Several attacks were considered that were never implemented such as being able to swim on the ground, while another would have let him spray poison mist from his mouth.

==Promotion and reception==
To support the release of 3rd Strikes Online Edition, player avatar items of the character were released for Sony's PlayStation Network.

Twelve was poorly received upon debut, and is often considered the worst character in Street Fighter III. Gavin Jasper of Den of Geek praised how beautifully the character was animated, stating the "T-1000 sperm creature is a wonder to look at". However the praise ended there, as he felt Twelve blended into the background of the game due to lacking personality, and any "creepiness" factor that could have been afforded it was done better by another character in the game, Q. By comparison, he felt Twelve was handled better in the UDON comics, describing his role in the story as a neat surprise. Meanwhile, game developer David Sirlin cited him alongside Q in his pitch for a fourth Street Fighter game as examples of how newer characters had failed to resonate with audiences, and felt a continuation of the series should focus on popular legacy characters.

Suriel Vazquez and Eric Van Allen of Paste considered him the strangest character of Street Fighter III cast, a game they felt was already full of strange characters. Elaborating, they stated that Twelve oozed novelty in a way that made him feel more like a character from Capcom's Darkstalkers franchise than Street Fighter with his use of tentacles and flying maneuvers. However said novelty was short lived as the most memorable part of the character ended up being his transformation ability. Further calling him unfun to play, they stated that while Twelve had the beginnings of a good idea, he was ultimately "an enigma who’s just not very alluring to figure out".

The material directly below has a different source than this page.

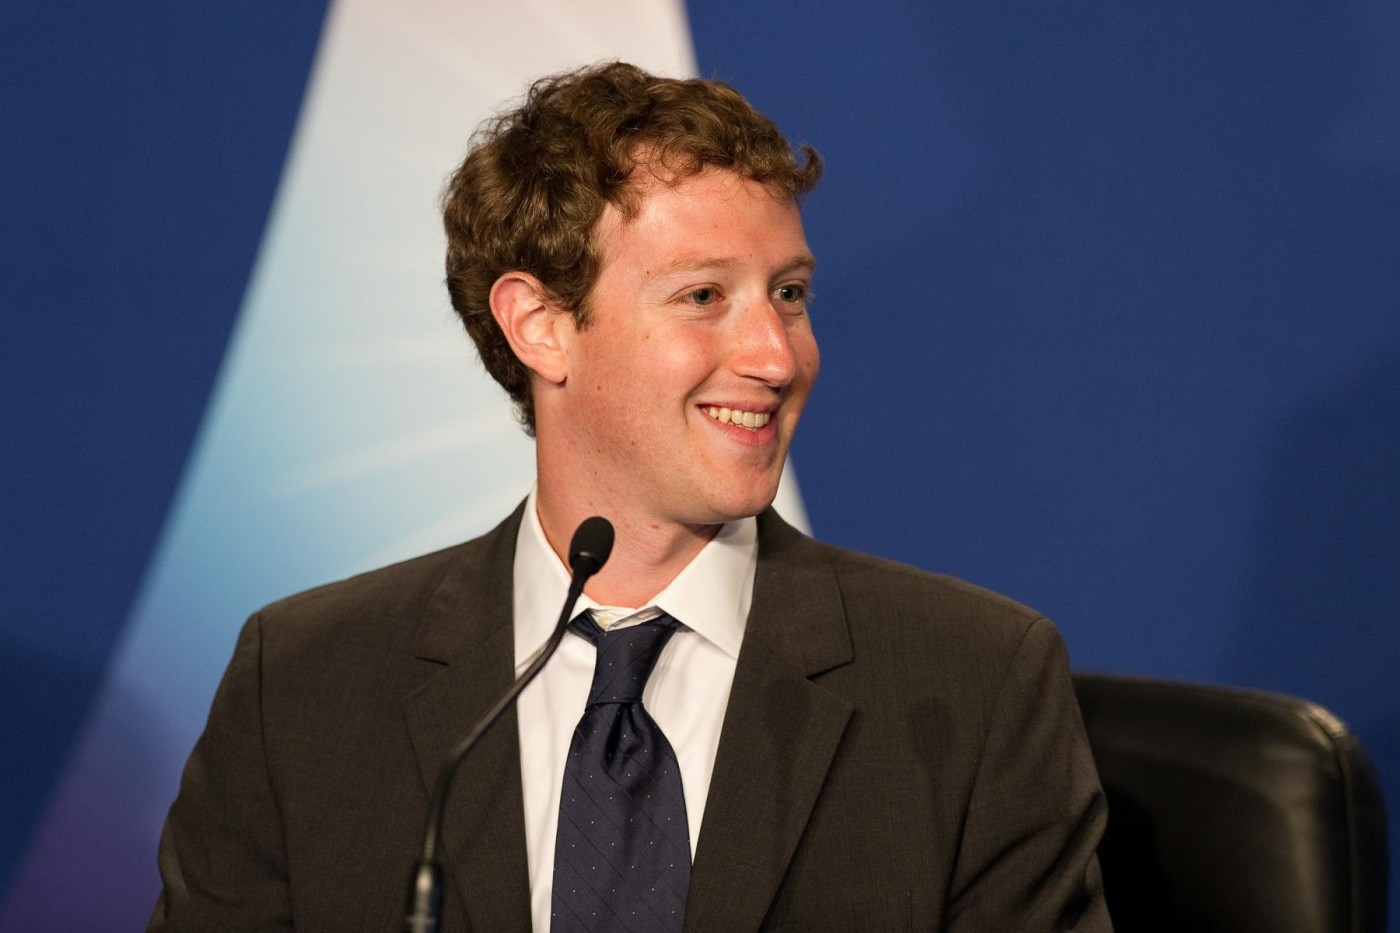 曾與劍橋分析有合作,兩家資料公司不當使用數據遭Facebook封殺

On the other hand, journalist Steve Hendershot in the book Undisputed Street Fighter described Twelve as "one of the great aesthetic successes of Street Fighter III. He considered watching Twelve be able to change its arms into various weapons a joy to watch in game, though acknowledged that many of his attacks were not as potent as one would like. Furthermore he praised X.C.O.P.Y. as the real fun of the character, emphasizing how it was not only a great visual effect, but also allowed players to demonstrate their mastery of the game's roster. Hendershot also echoed Jasper's earlier praise of how Twelve was used in the comics, citing UDON comics writer Siu-Chong's statement on how it elevated X.C.O.P.Y. from a cool gameplay element to a helpful narrative one.

===Analysis of gameplay and themes===
Shivam Bhatt on Retronautss podcast stated that while Twelve had similarities to Necro, he played "weird", with host Diamond Feit added "in a game of weirdos, he's the even weirder one". Bhatt went further to describe him as a milky-white kind of blob with an odd combination of attacks, particularly his ability to turn invisible. Commentator John Learned meanwhile felt the character had been imported from the Marvel vs. Capcom series, incorporating air dashing and aerial mobility in a way he found interesting but contributed to how the character felt unfinished. They however considered X.C.O.P.Y. a neat concept, with Bhatt comparing it to the Mortal Kombat character Shang Tsung in how it enabled messing with opponents during matches.